• Task:
Exclude the pictures and transcribe the rest of the data below exactly.

• Information supplied:
###

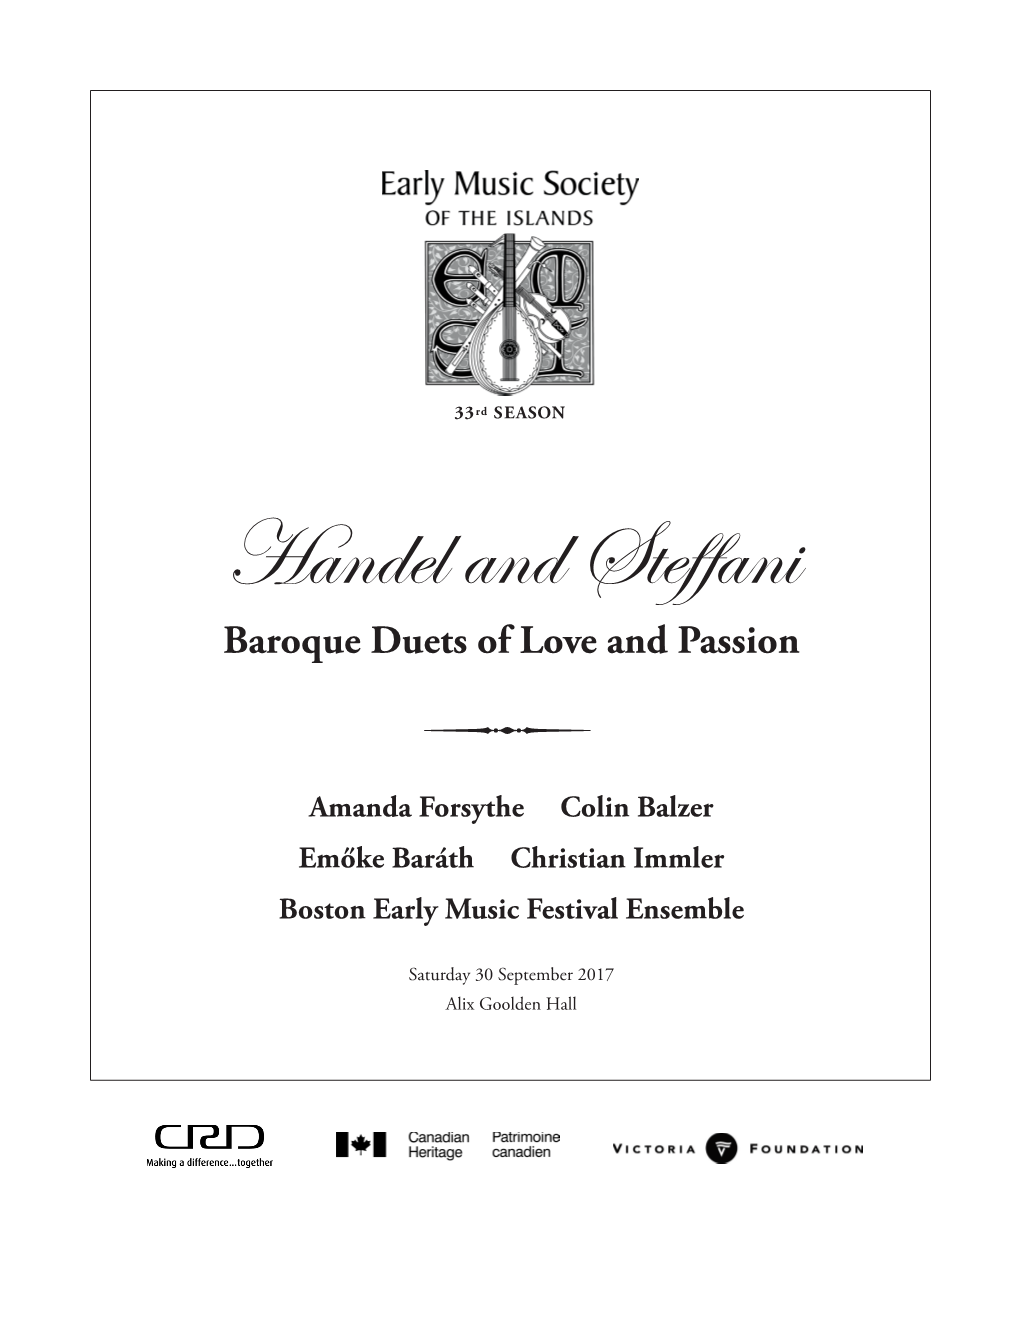 Handel and Steffani Baroque Duets of Love and Passion
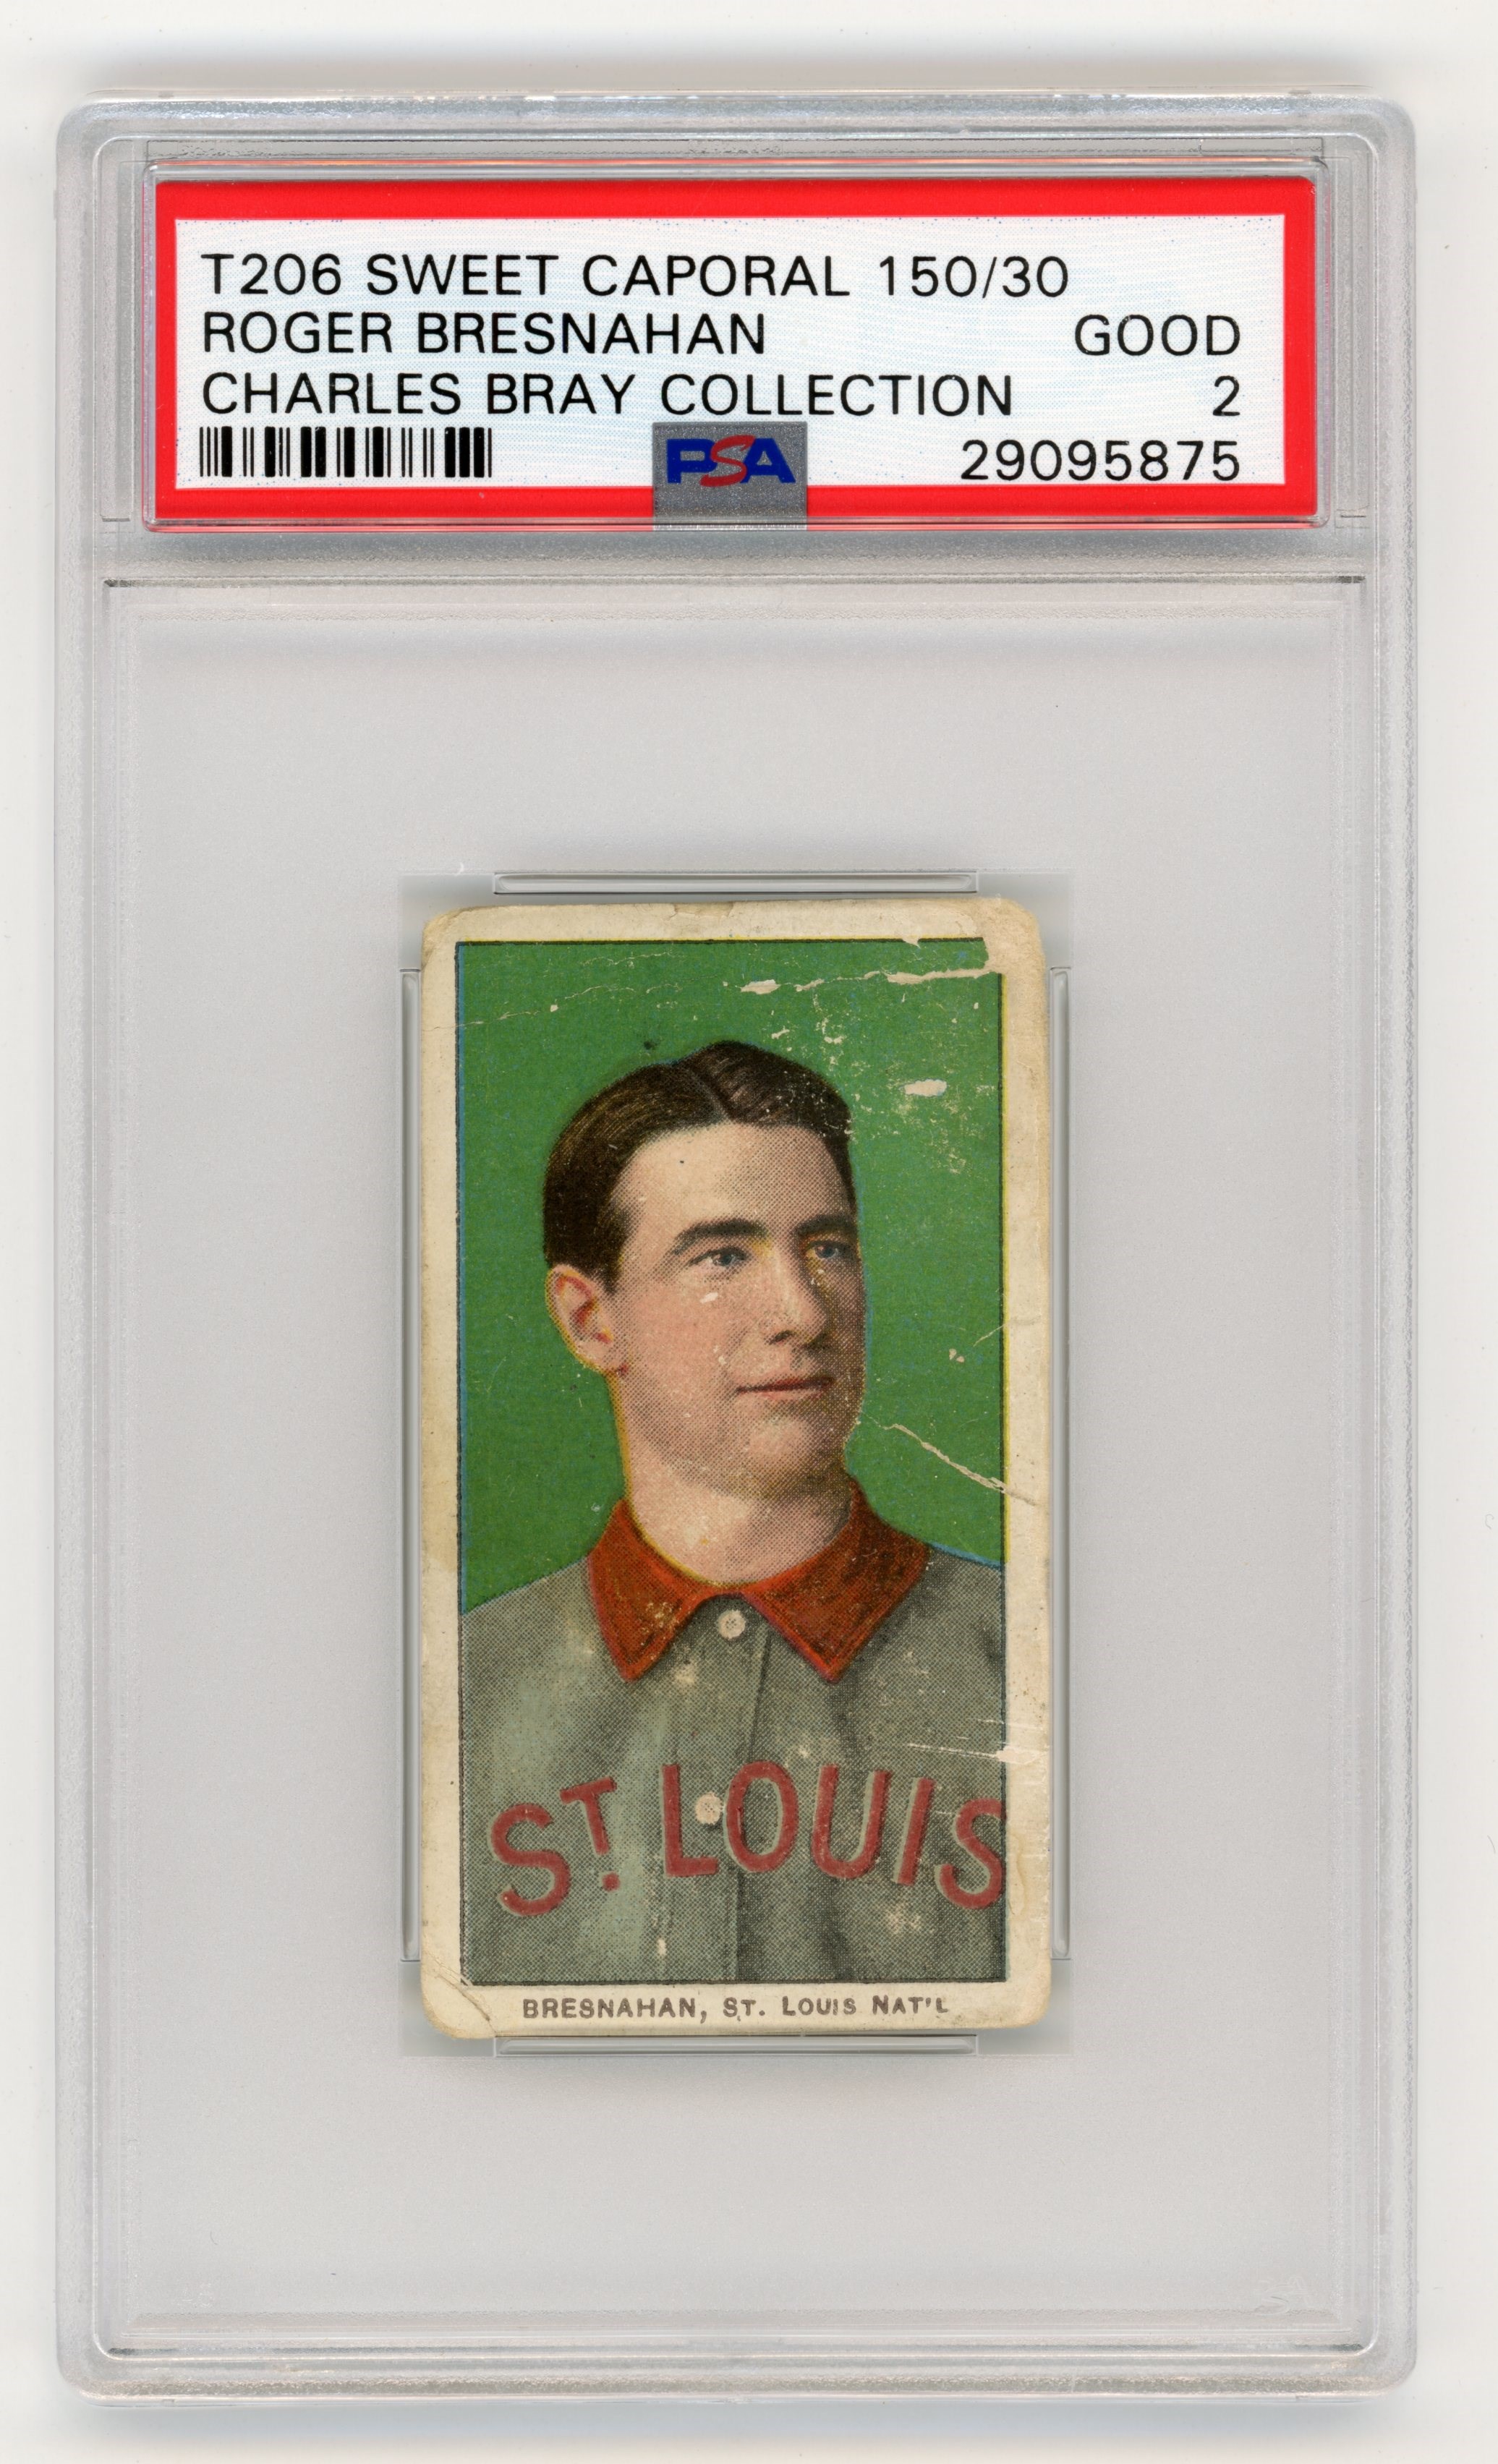 - T206 Sweet Caporal 150/30 Roger Bresnahan PSA 2 From Charles Bray Collection
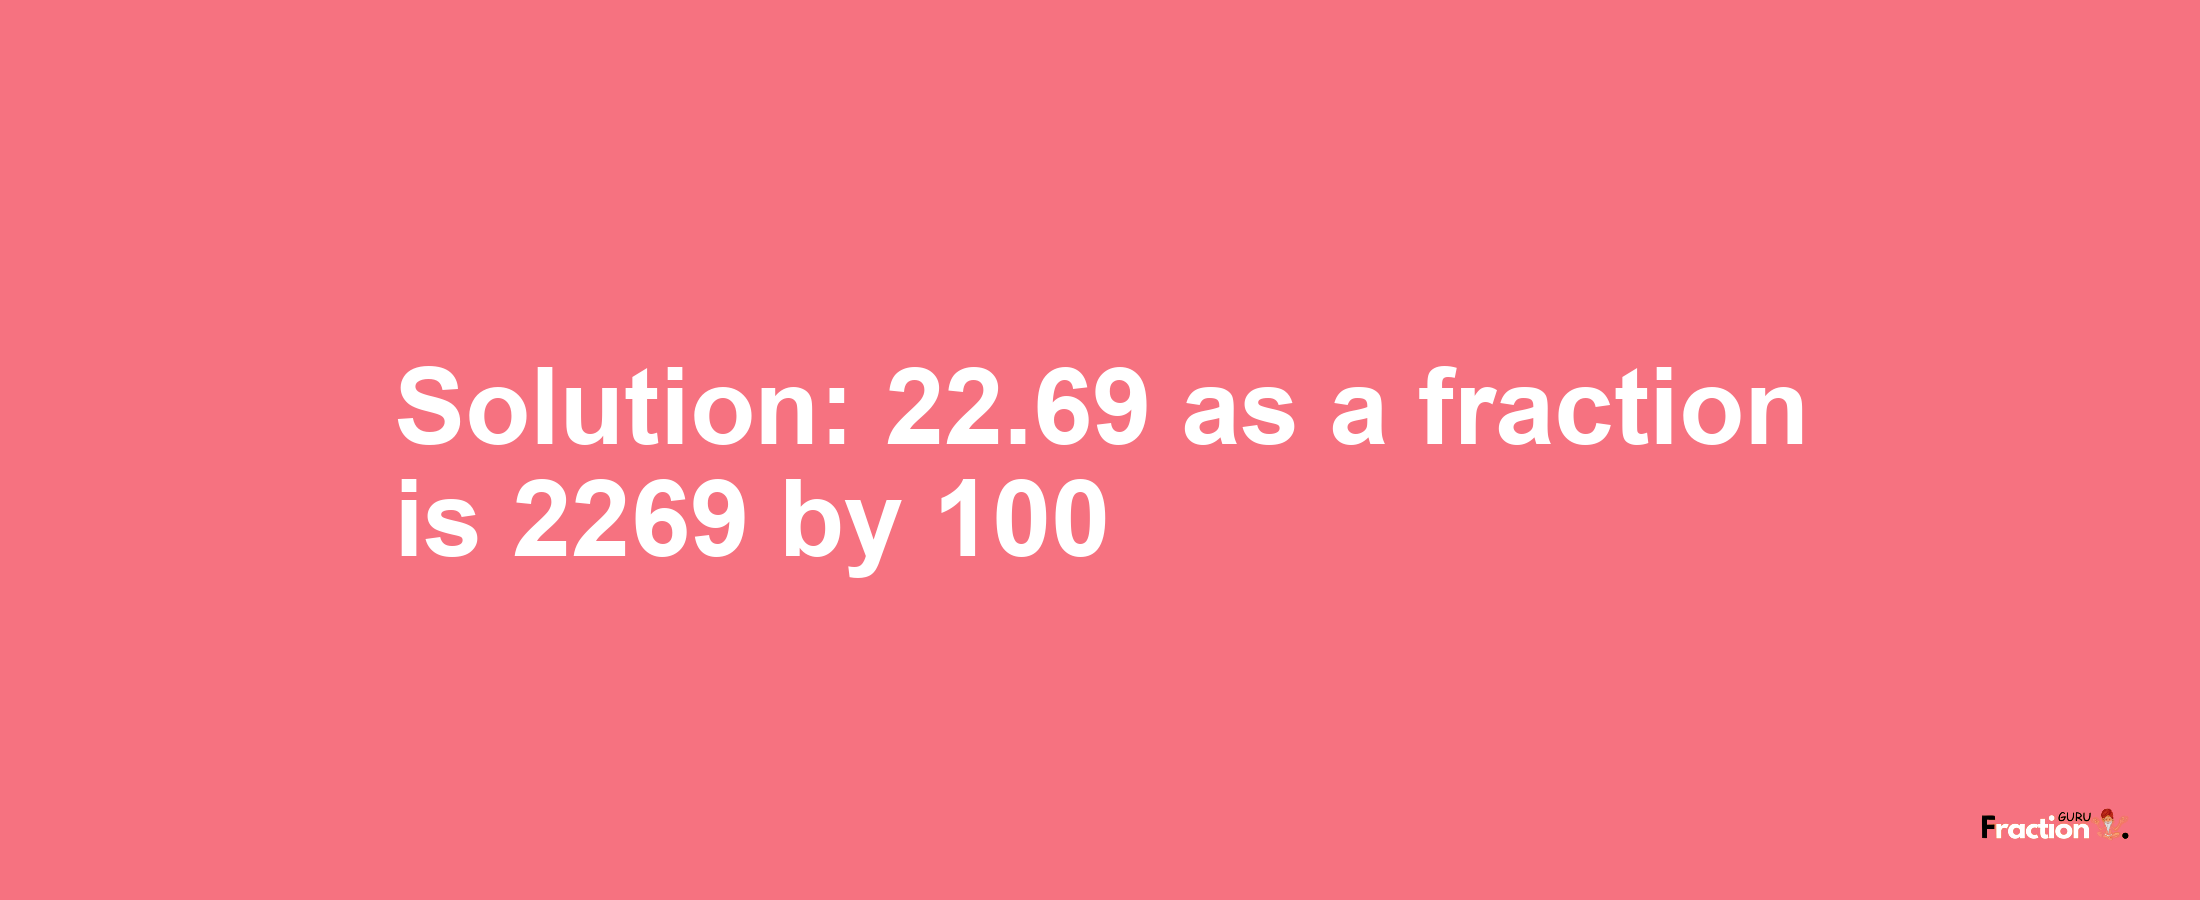 Solution:22.69 as a fraction is 2269/100

###

• Answer space:
 Handel and Steffani Baroque Duets of Love and Passion
 - T206 Sweet Caporal 150/30 Roger Bresnahan PSA 2 From Charles Bray Collection
 Solution:22.69 as a fraction is 2269/100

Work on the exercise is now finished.